The following table summarizes the activity related to unrecognized tax benefits:
(Dollars in Millions) 2012 2011 2010
Beginning of year $2,699 2,307 2,403
Increases related to current year tax positions 538 402 465
Increases related to prior period tax positions 57 87 68
Decreases related to prior period tax positions (41) (77) (431)
Settlements (120) (16) (186)
Lapse of statute of limitations (79) (4) (12)
End of year $3,054 2,699 2,307
The unrecognized tax benefits of $3.1 billion at December 30, 2012, if recognized, would affect the Company’s annual
effective tax rate. The Company conducts business and files tax returns in numerous countries and currently has tax audits
in progress with a number of tax authorities. The U.S. Internal Revenue Service (IRS) has completed its audit for the tax
years through 2005; however, there are a limited number of issues remaining open for prior tax years going back to 1999.
In other major jurisdictions where the Company conducts business, the years remain open generally back to the year
2003. The Company believes it is possible that audits may be completed by tax authorities in some jurisdictions over the
next twelve months.
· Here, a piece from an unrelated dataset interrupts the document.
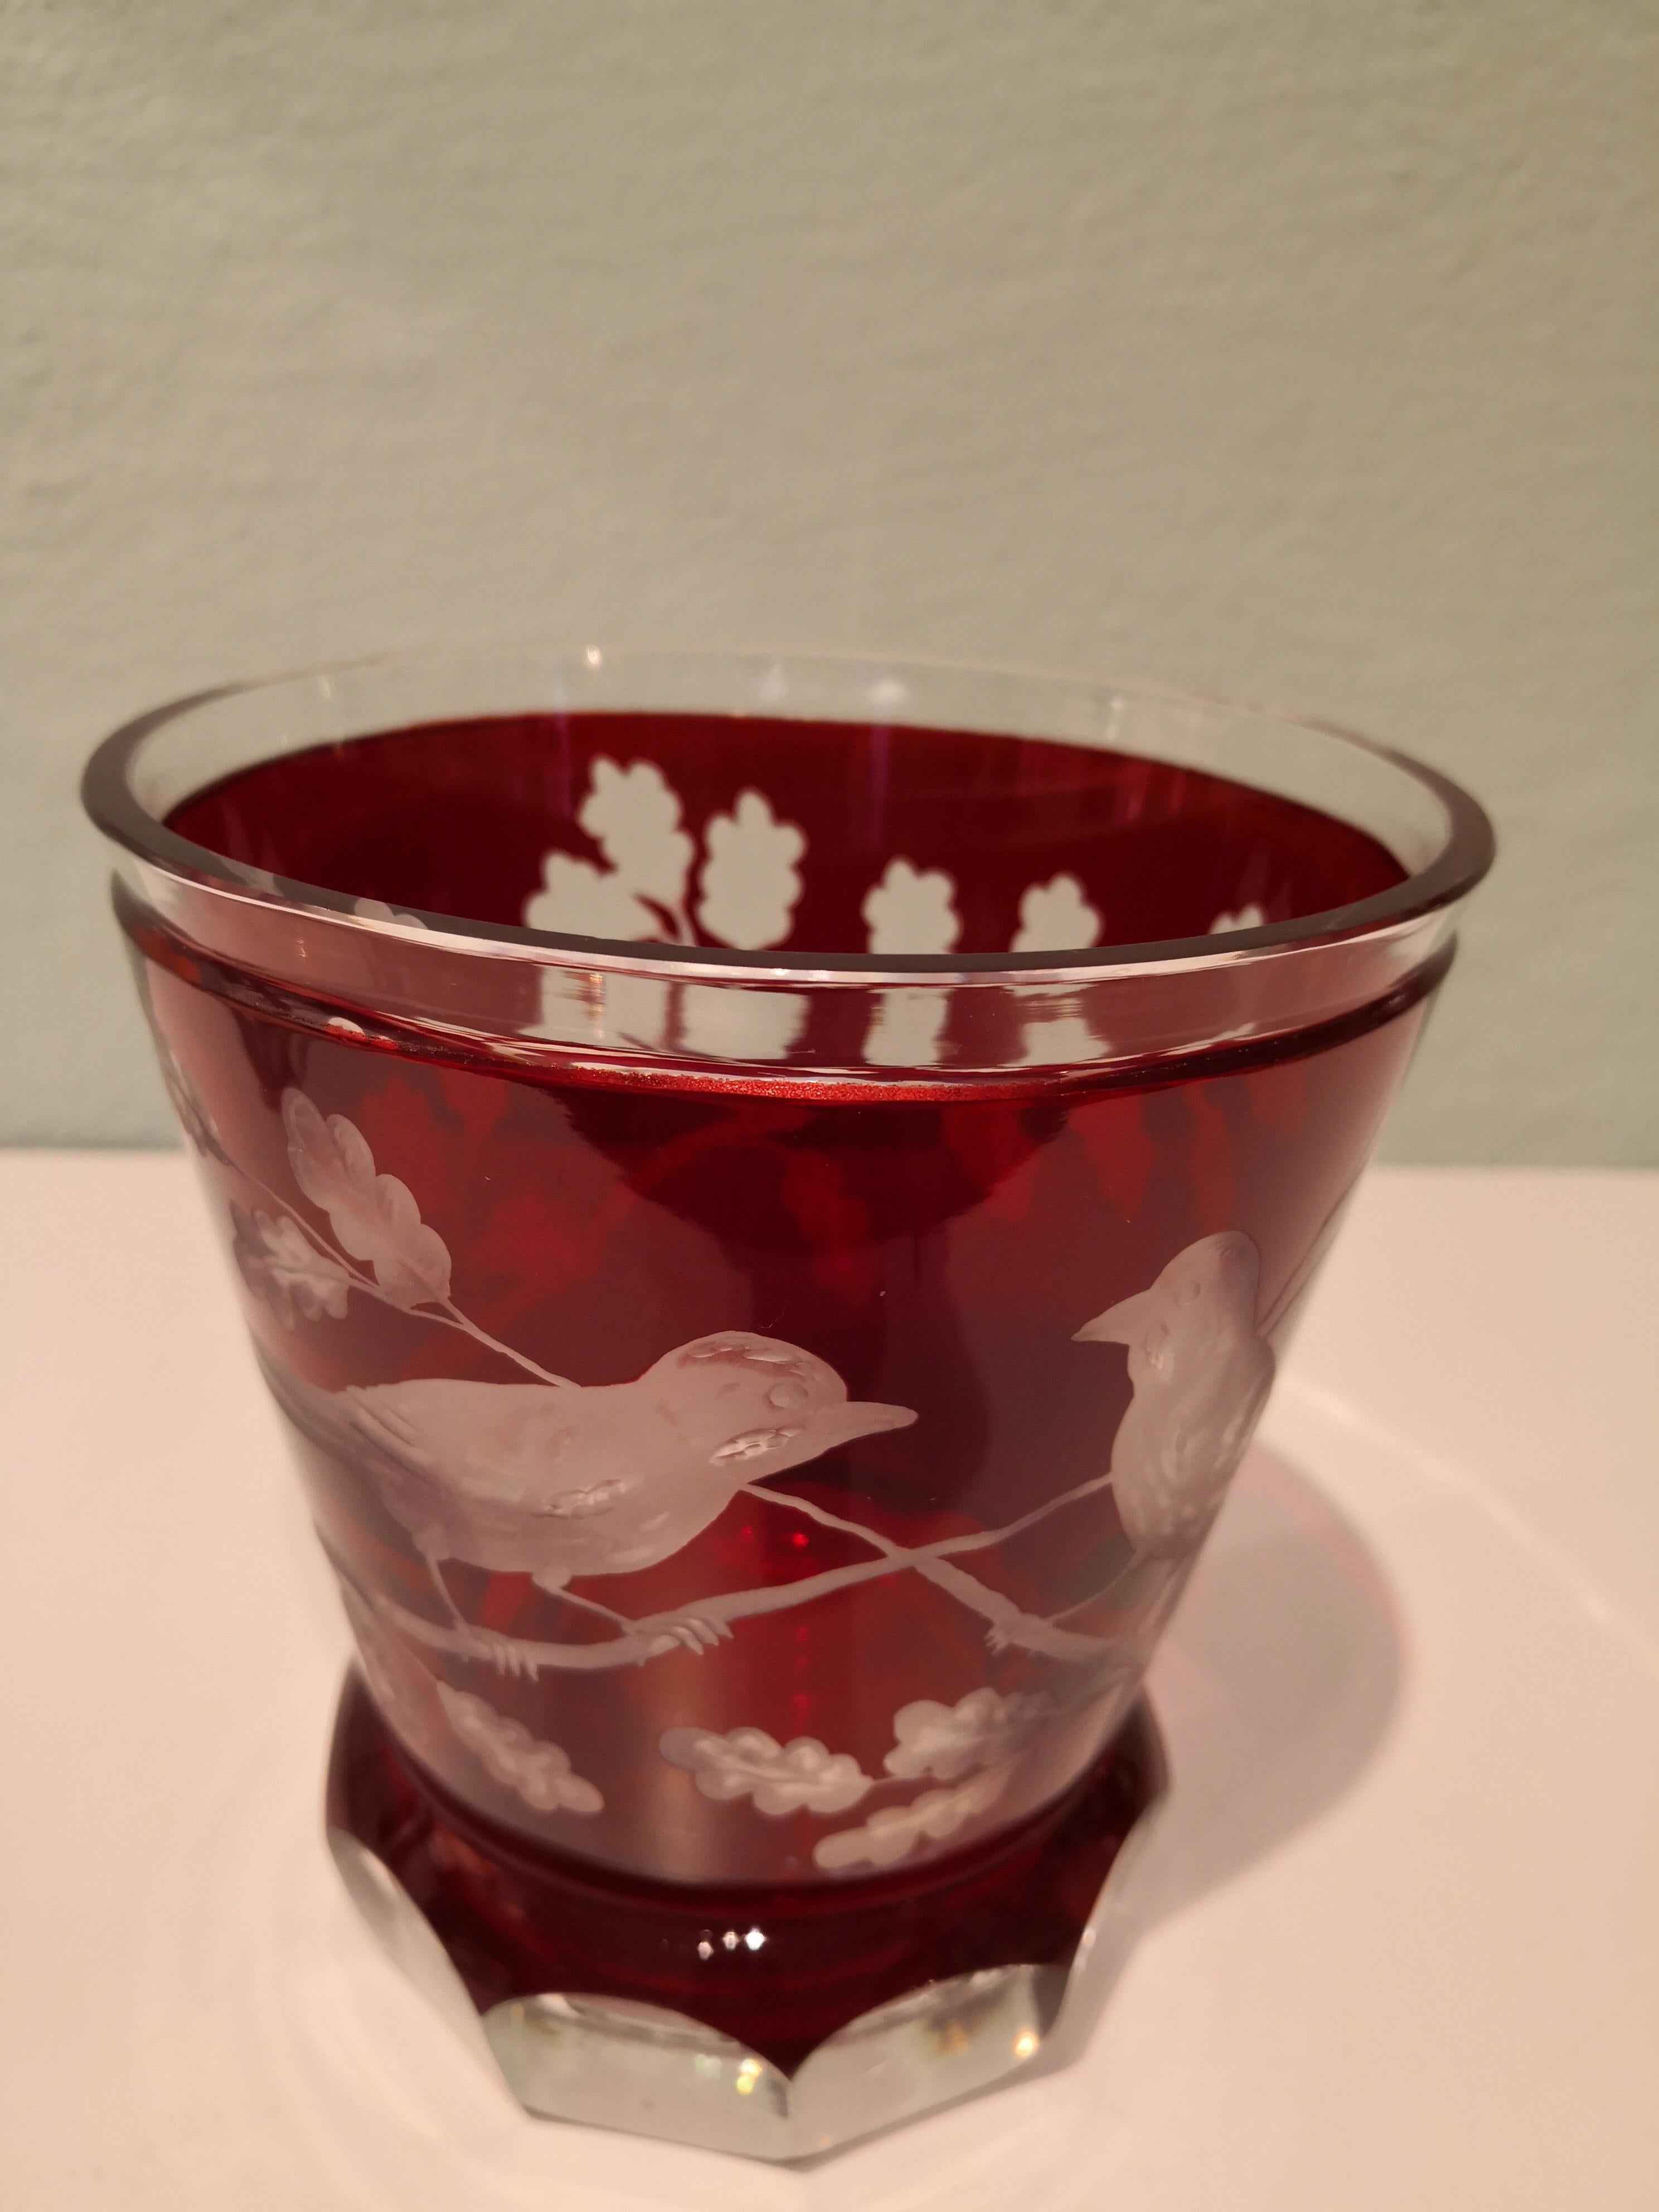 Vase/laterne en cristal soufflé à la main de couleur rouge vif. Sculptée à la main par des artistes verriers bavarois avec un décor d'oiseaux dans le style de la campagne. Une riche guirlande de feuilles de chêne sur tout le pourtour avec deux

However, the Company is not able to provide a reasonably reliable estimate of the timing of any other
future tax payments relating to uncertain tax positions.
The Company classifies liabilities for unrecognized tax benefits and related interest and penalties as long-term liabilities.
Interest expense and penalties related to unrecognized tax benefits are classified as income tax expense. The Company
recognized after tax interest of $41 million expense, $47 million expense and $34 million income in 2012, 2011 and 2010,
respectively. The total amount of accrued interest was $422 million and $350 million in 2012 and 2011, respectively.